In grossen wie in kleinen Becken finden
1.) dieselben biologischen Vorgänge statt
2.) dieselben chemischen Prozesse statt

Vom Aquarianer hängt es ab, ob
1.) dieselben biologischen Vorgänge ablaufen können
2.) dieselben chemischen Prozesse stattfinden können

Grosse Becken laufen biologisch dann stabiler als kleine Aquarien, wenn im Verhältnis Pflegefehler geringer ausfallen.
Grosse Aquarien besitzen ein grösseres biologisches Potenzial als kleine Becken, das Pflegefehler des AquarianersIn ausgleichen kann, wenn die Verhältnismässigkeit oder der Umfang des Pflegefehlers nicht proportional vom kleinen aufs grosse umgelegt wird.

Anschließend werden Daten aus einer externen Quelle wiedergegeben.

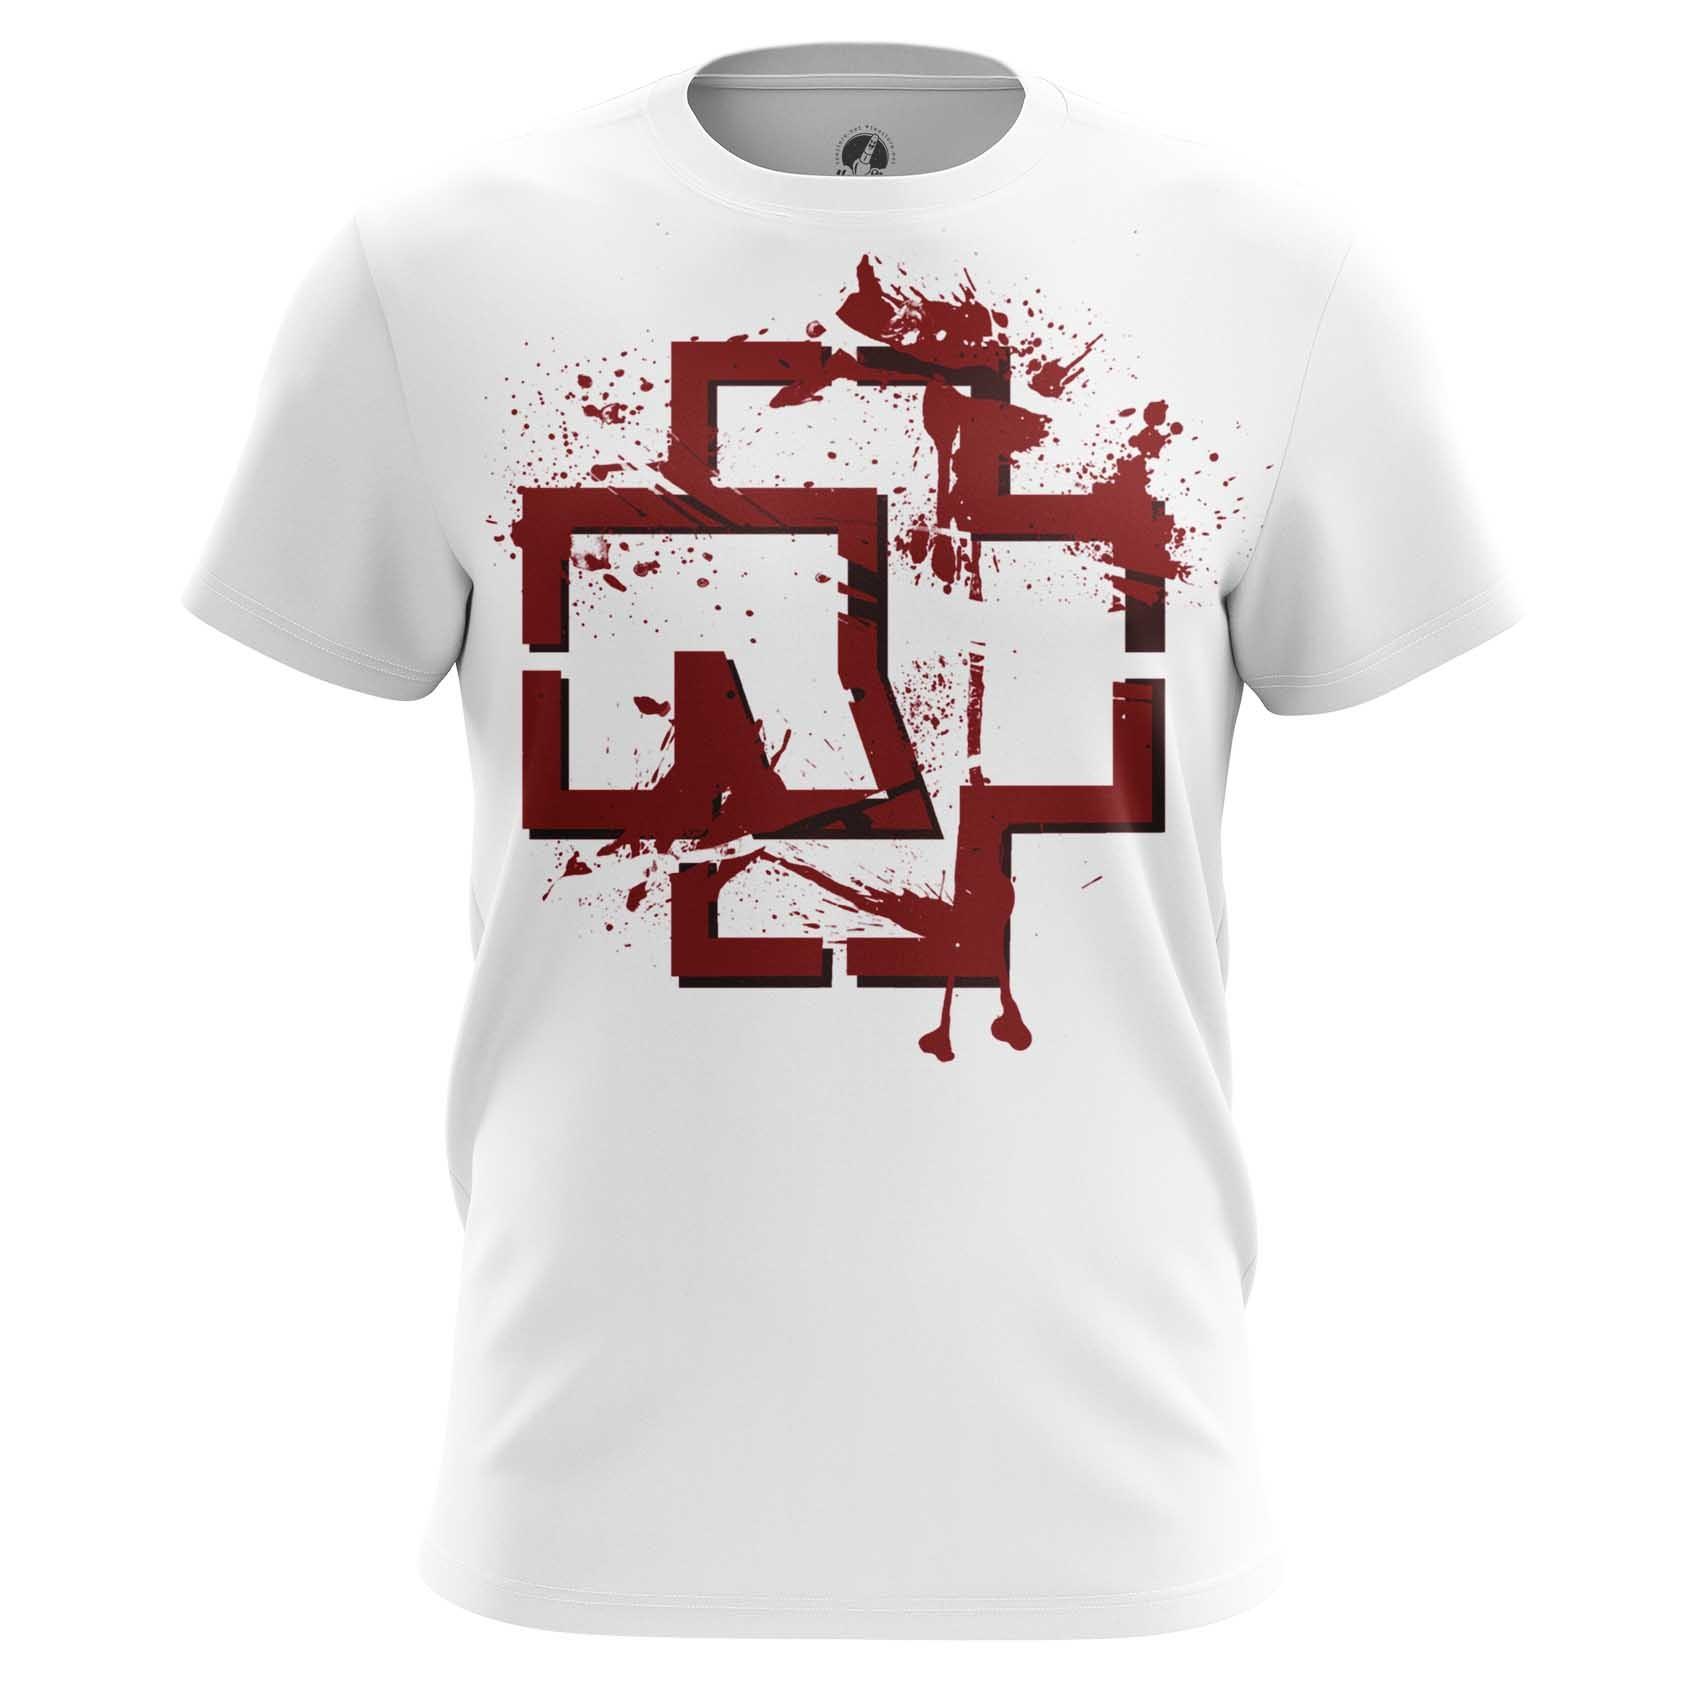 Merch Tank Rammstein Band Vest

Daneben bliebe noch zu klären, welche physikalisch/chemischen oder ökologischen Voraussetzungen im grösseren Aquarium eine These wie "grössere Aquarien laufen stabiler als kleinere" als relevant erscheinen lassen können.
Im Gegenteil müsste auch erörtert werden, ob kleinere Aquarien ökologisch (als Lebensraum) oder biologisch (bezogen auf alle möglichen ablaufenden Stoffkreisläufe) mit grösseren Aquarien mithalten können.